Volume 577: debated on Thursday 13 March 2014

The UK faces a substantial long-term challenge to ensure the public finances remain sustainable and the Government have therefore taken much needed action to address the pressures from an ageing population. This includes a package of reforms to public service pensions including a move to “career average” schemes, and changes to the normal pension age for public service workers. Reforms to public service pension schemes are forecast to save £430 billion by 2061-62, while also ensuring that the pensions offered to public service workers remain among the very best available.

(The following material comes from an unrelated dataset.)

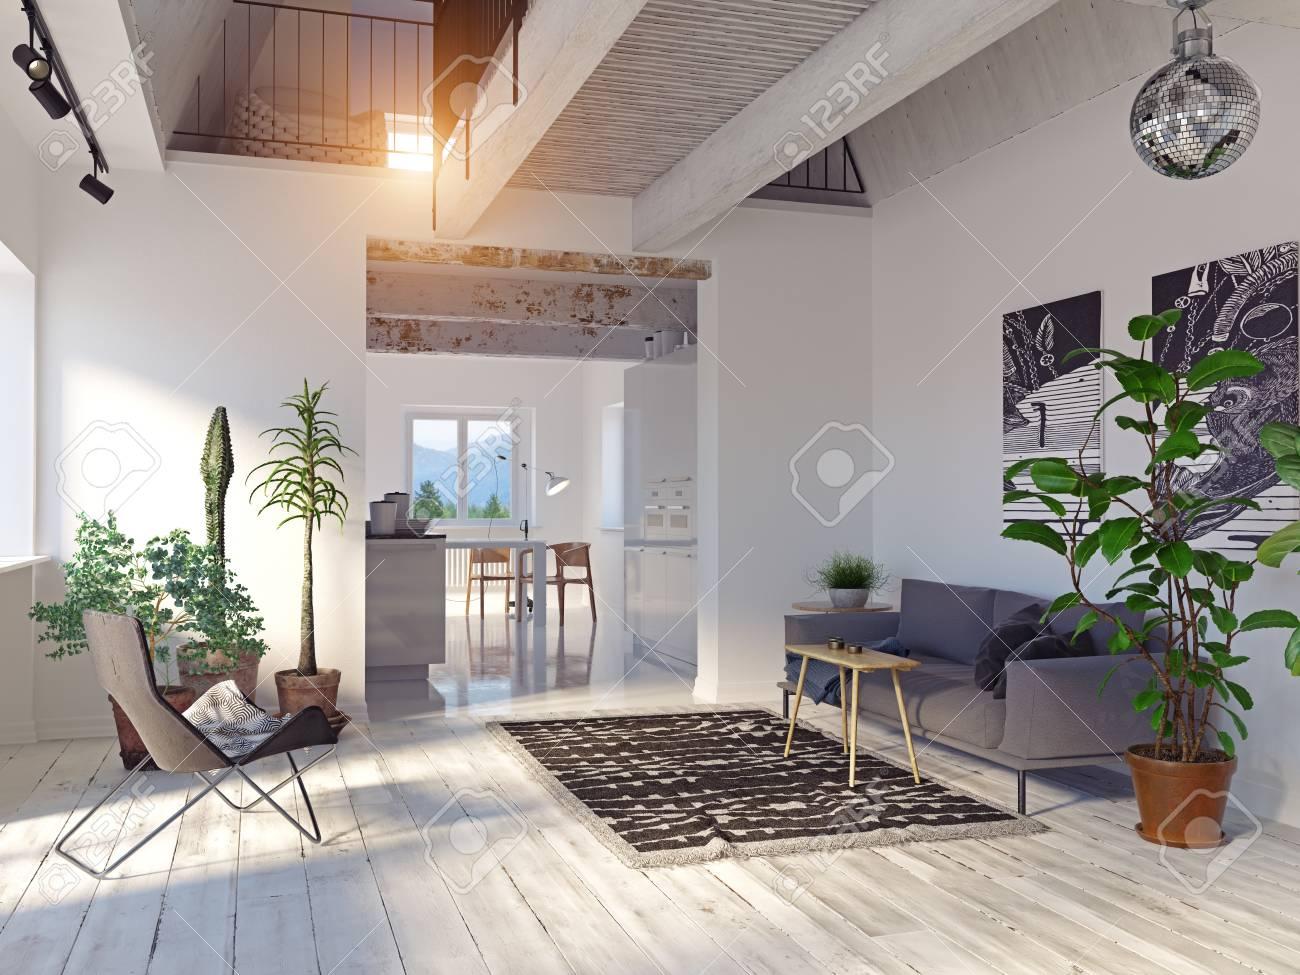 Modern house interior. Sofa and kitchen zone. - 121241182

The next stage in this programme of reform is to ensure that the costs of the public service schemes are properly measured and remain sustainable in the long term. To achieve this, the Treasury has this week made directions and laid regulations on valuations of public service pension schemes and the employer cost cap, in accordance with the provisions of the Public Service Pensions Act 2013.

These directions formalise the basis of the full actuarial valuations of the schemes that are currently being carried out to measure scheme costs. This is the first time valuations have been carried out for a number of years and the first time that schemes have been valued simultaneously and according to the same rigorous, principled and transparent approach.

The final results for the NHS, teachers and civil service schemes will be published later in the spring. But it is already clear that these will show the level of contributions paid by employers have not been sufficient to meet the full long-term costs of these schemes. If current rates were allowed to continue the shortfall would be nearly £1 billion a year across the teachers, civil service and NHS schemes.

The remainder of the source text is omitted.